Question

Limma linear fit residual standard deviation calculation

0

Entering edit mode

krassowski.michal ▴ 40

@krassowskimichal-19240

Last seen 5.0 years ago

This is a low-level question, but I am very curious about the reason for limma calculating the residual standard deviation (sigma) in lmFit (or more precisely, lm.series) as:

# 1. lm.series
sqrt(mean(out$effects[-(1:out$rank)]^2))

rather than:

# 2. what I would expect
x <- out$residuals
sqrt(sum((x - mean(x))^2) / (length(x) - out$rank))

Is there a numerical advantage of using the former, or some special case in which it would give different result?
Would anyone be able to provide a reference on this way of calculating the residual standard deviation?

In my comparisons, the two are very comparable (mean absolute difference on the order of 1e-17), though I do not have a good intuition for the maths of effects.

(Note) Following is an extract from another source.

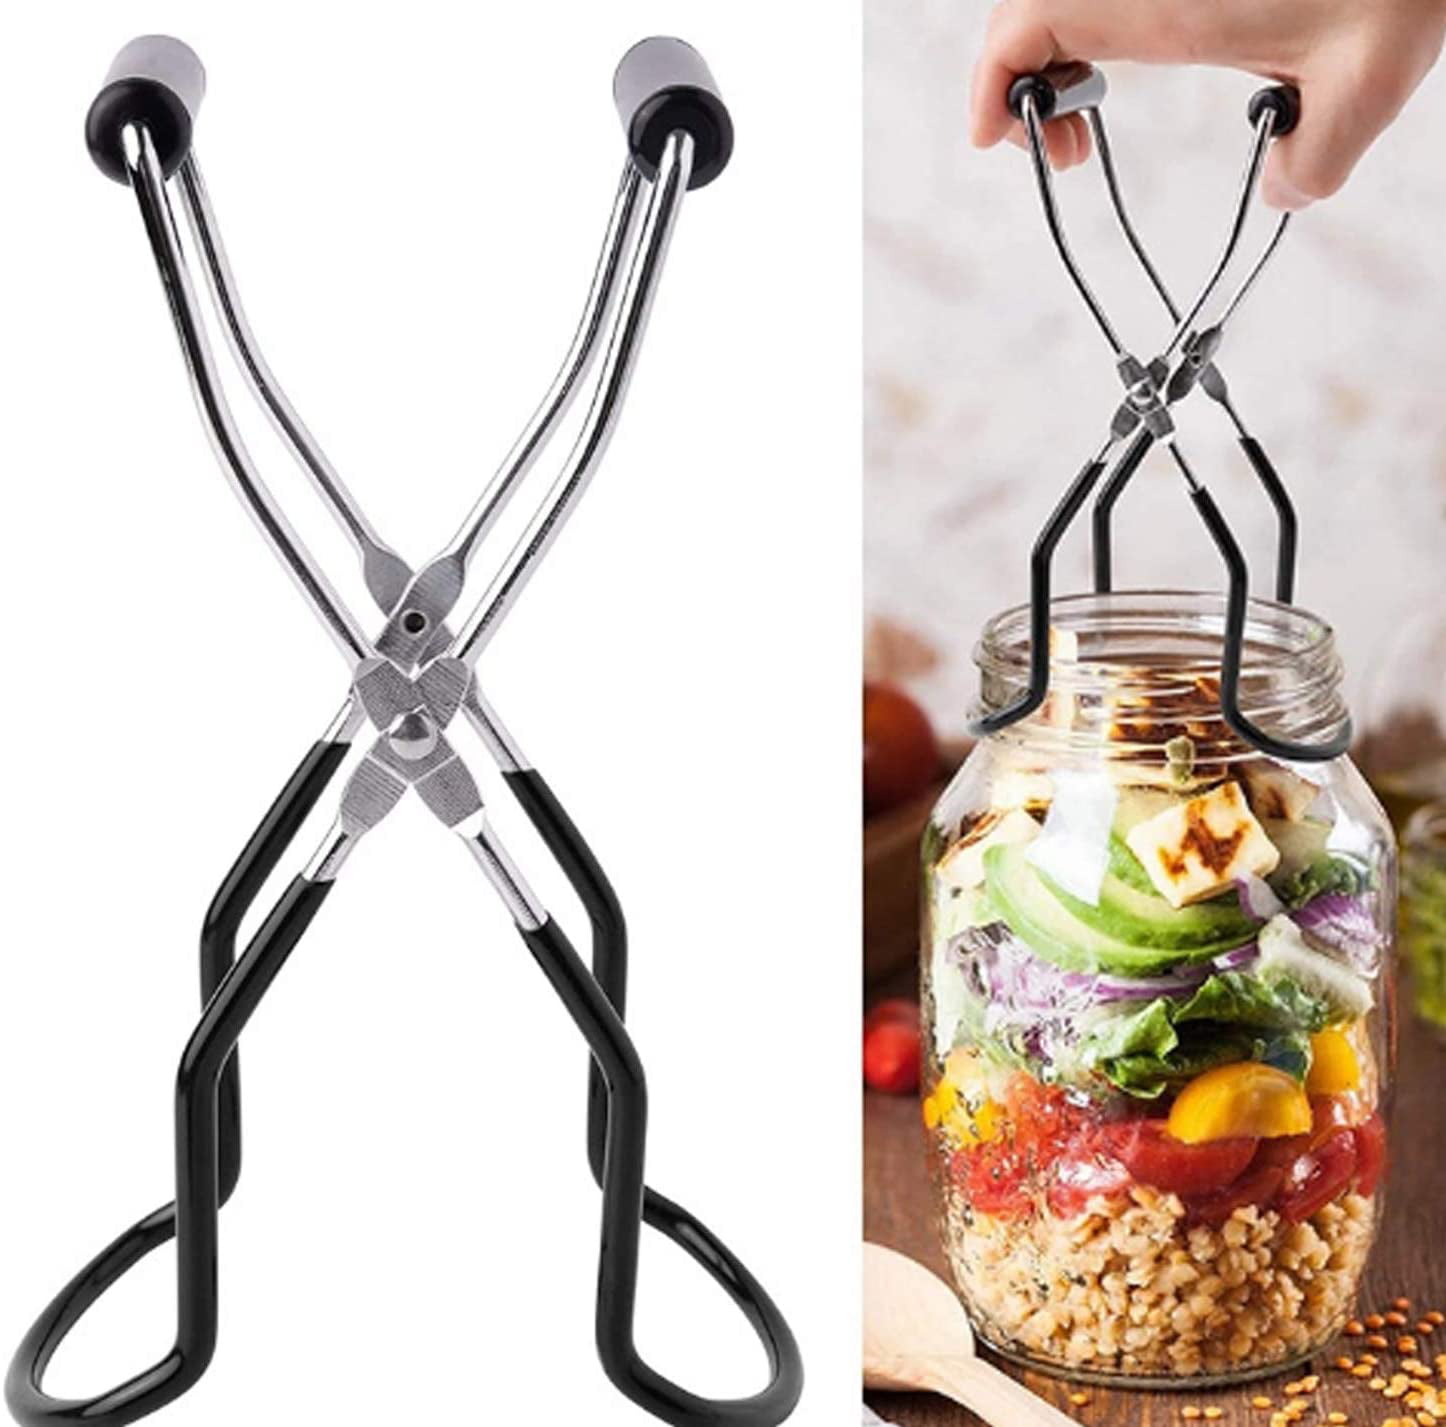 2 Pieces Canning Jar Lifter Tongs Stainless Steel Jar Lifter with Grip Handle for Safe and Secure Grip Green

Initially, I thought that it might be related to performance, but a simple benchmark suggests that the second option is actually faster:

690 ms ± 17.5 ms per loop (mean ± std. dev. of 7 runs, 100000 loops each)
455 ms ± 28.8 ms per loop (mean ± std. dev. of 7 runs, 100000 loops each)

Also, the latter gives results closer to the R's stats::sigma function:

stats::sigma(lm(y ~ X))

with the mean absolute difference on the order of 1e-19 for my test dataset (1e-17 for the lm.series implementation).

limma • 1.2k views

ADD COMMENT • link updated 5.7 years ago by Gordon Smyth 52k • written 5.7 years ago by krassowski.michal ▴ 40

score 3 · Accepted Answer · 2019-07-22

As you've already confirmed, limma gives the correct answer.

Your formula for sigma would fail if y contains NA or if X does not span the intercept term. However a slight correction:

sum(out$residuals^2, na.rm=TRUE) / out$df.residual

would work and could equally have been used by limma. The formula that limma uses agrees with how one would compute sigma at the C level but, at the R level, it gets slowed down very slightly by having to subset the effects vector.

If you want to understand what the effects are, you might start with these references:

http://www.statsci.org/smyth/pubs/EoB/ban041-.pdf https://onlinelibrary.wiley.com/doi/full/10.1002/0470011815.b2a14022

Mathematically, the effects are Q^T y where Q is from the QR decomposition of X / sqrt(weights).

BTW, I do not normally answer questions about limma code, only about how limma behaves at the user level. I've made an exception here because you're a student, but time just doesn't allow me to do that on a regular basis.